The problem arose when working on the threshold warnings audit log messages, and I am aware of the flooding mechanism. What Ori meant when he said that the messages are swallowed after the first time they arise, is that this happens WITHIN the flooding window. This is a problem when you: 1. Do action_1 that raises a warning/error, audit log is displayed. 2. Act upon the message and rectify the situation. 3. Do action_2 that raises the same warning/error. Audit log is not displayed for this issue until flooding window is over. THIS IS THE PROBLEM. How bug the problem really is, I leave you to decide.
Now it's clear, agreed. What we're missing here is a mechanism to evict the timeout cache once the problems is resolved. Psuedocode: Domain monitoring quartz, wakes up every x mins: loggable = createLoggable() if (domain.hasProblem()): # This exists today AuditLogDirector.log(loggable) else : # doesn't exist today AuditLogDirector.clearTimeout(loggable) I could not find such an API in AuditLogDirector. Eli - am I missing something? And if not - does it make sense to add such an API?
(In reply to Allon Mureinik from comment #7) No, we don't have such mechanism , we are doing so per flow For example , if you have not configured PM on a host you will get an alert, if you configure it , the alert is cleared, but this is done in the specific PM handling code, not in AuditLogDirector The current mechanism will prevent duplicate messages on the same instance withing the defined timeout window for this audit log type So, I don't understand what is the problem here ? Please elaborate what do you want to achieve here
(In reply to Allon Mureinik from comment #7) After talking with Allon : The way to solve this issue is to add an option to dismiss an event by the user from the webadmin UI in the same manner we have today for alerts This way the event will be marked as deleted and if there will be another event it will be shown since the flood mechanism,m does not take in account events that were marked as deleted
We have such an item, targeted for 3.6.0 (weekathon item). Adding the proper dependency.

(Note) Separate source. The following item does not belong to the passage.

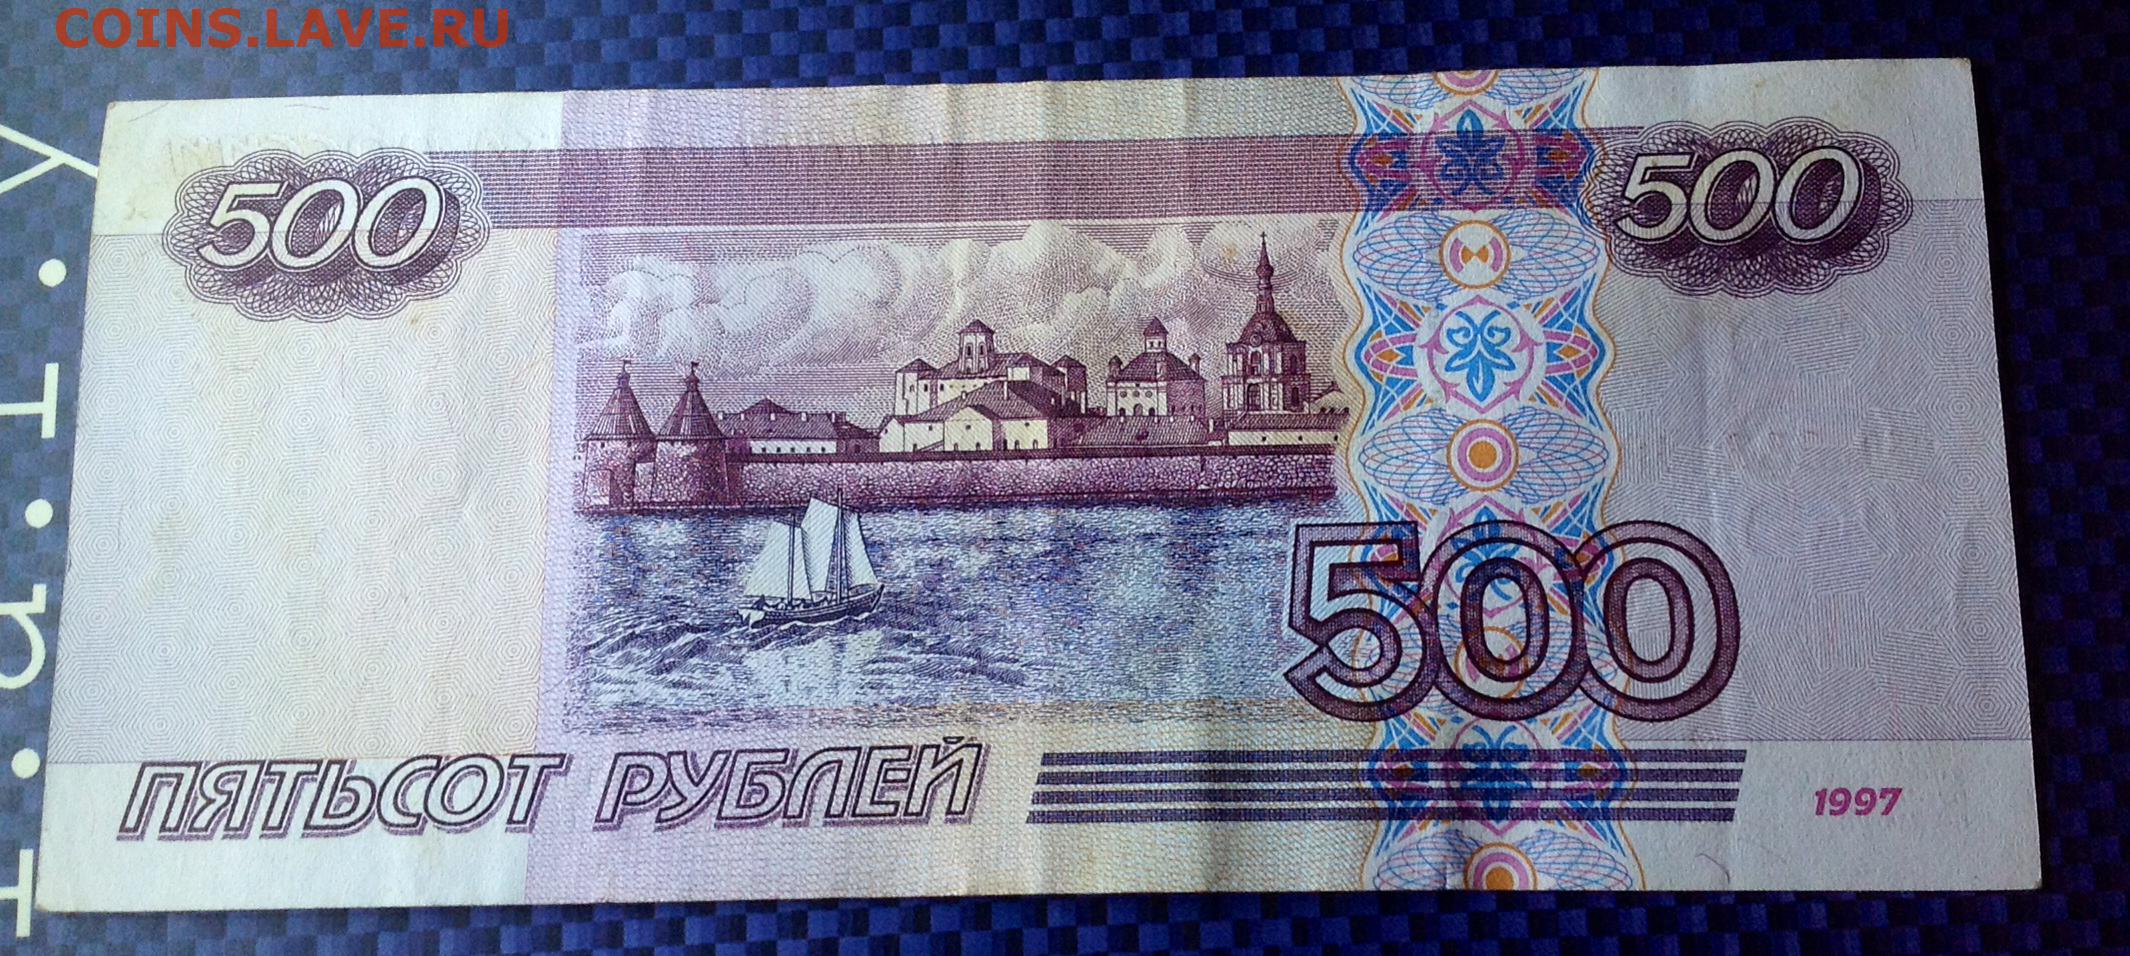 500 рублей за друга. 500 Рублей 1997 модификация 2001. 500 Рублей 1997 года модификация 2001. 500 Рублей 2001 года модификации. 500 Рублей 1997 года бумажные модификация 2001.
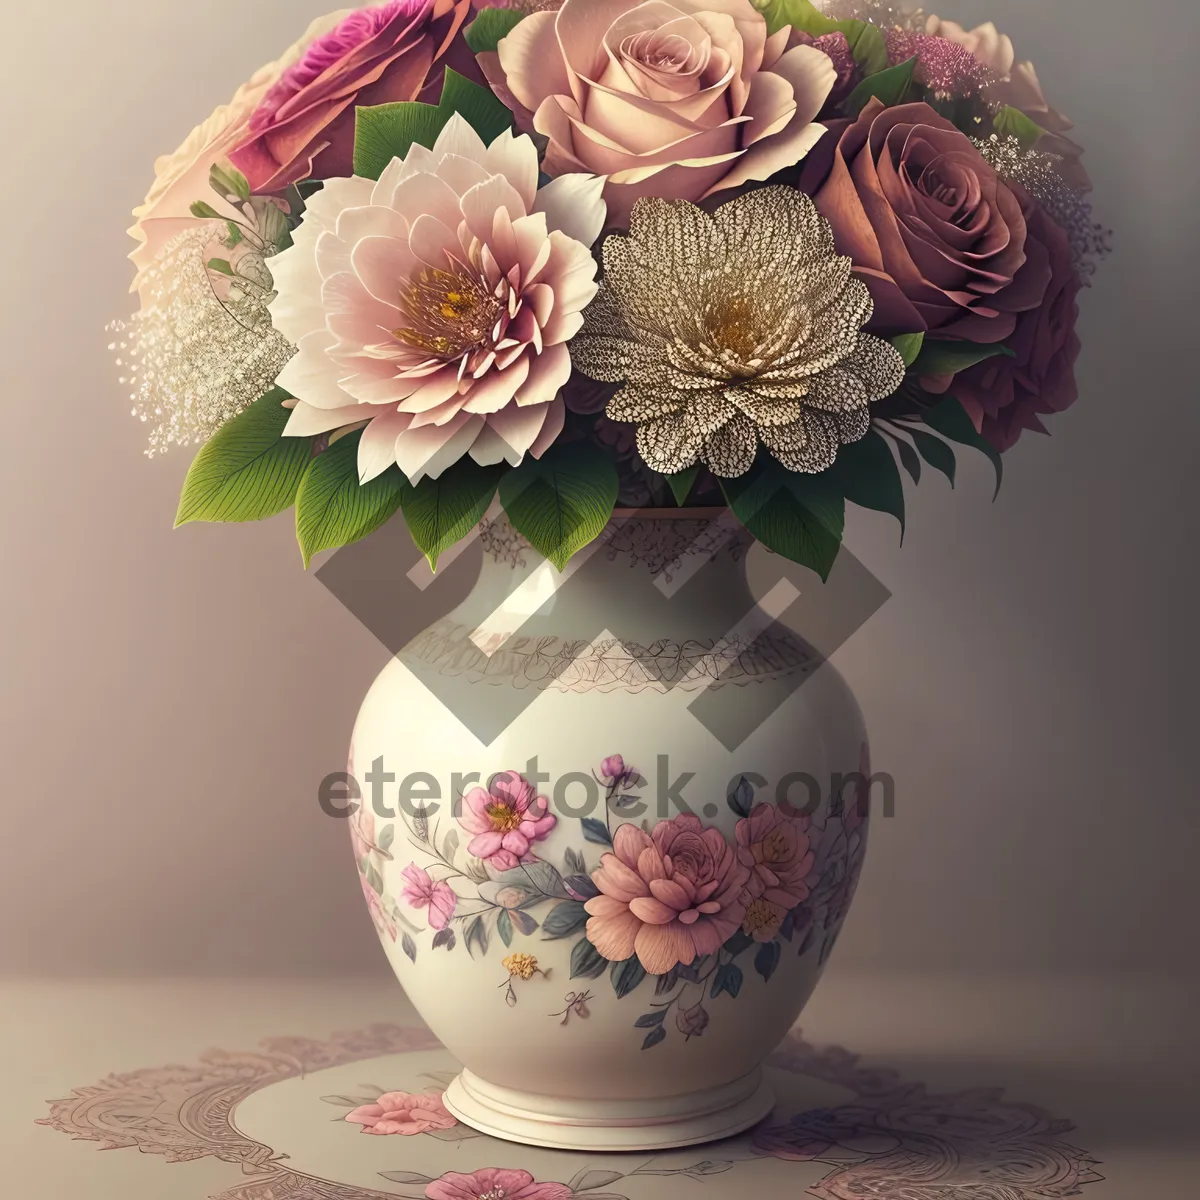 Picture of Floral Porcelain Vase: Elegant ceramic ware for displaying flowers.

Oved, Eli, thanks! I'm marking this bz as [BLOCKED] until the RFE is resolved. IIUC, once the RFE is resolved there's nothing left in this BZ but testing, so I'm leaving it open for tracking reasons.
Target release should be placed once a package build is known to fix a issue. Since this bug is not modified, the target version has been reset. Please use target milestone to plan a fix for a oVirt release.
Moving from 4.0 alpha to 4.0 beta since 4.0 alpha has been already released and bug is not ON_QA.
oVirt 4.0 beta has been released, moving to RC milestone.
Tested in rhevm-4.0.0.4-0.1.el7ev.noarch. Before I mark this as MODIFIED I explain the flow I tested reading: 1. Create a disk to get to the warning threshold 2. Warning for space allocation appears on event => Remove the event from the Event tab pressing the closing icon 3. Immediately remove the disk 4. create a disk to get to throw the warning again FAILED => the new event is not shown in the event tab. the new space threshold should be shown according to the bug description right?
Sorry, that was the wrong flow in my comment #17. This is how I'm testing: 1. Create a disk to get to the warning threshold 2. Warning for space allocation appears on event 3. After the warning remove the disk, wait until space in storage is free again. 4. Create a disk to get to throw the warning again 5. The message should appear again (Since we didnd't delete the event and the caching mechanism should be fixed so the status of the storage domain was fixed?) Idan, is this correct? In this case the message is not shown, same result as the description on the bug report, then I'll mark this bug as FAILED QA/MODIFIED.
After my results on comment #18, message is cached and is not shown again after the storage space allocation issue is fixed and then triggered again I'm putting this back to assinged.
Actually, the flow that you described on comment #17 is the right one to test. IIUC, there's nothing wrong with the flow described on comment #18. The warning should not appear in that case. Regarding the flow from comment #17, you are right. It doesn't work as expected. I tried it myself, and another similar scenario where I should have gotten a warning regarding the number of LVs in a storage domain exceeding the threshold - didn't work either. I guess that there might be a problem with the new mechanism introduced in Bug 1120670. Jakub, any idea what can be the cause for that?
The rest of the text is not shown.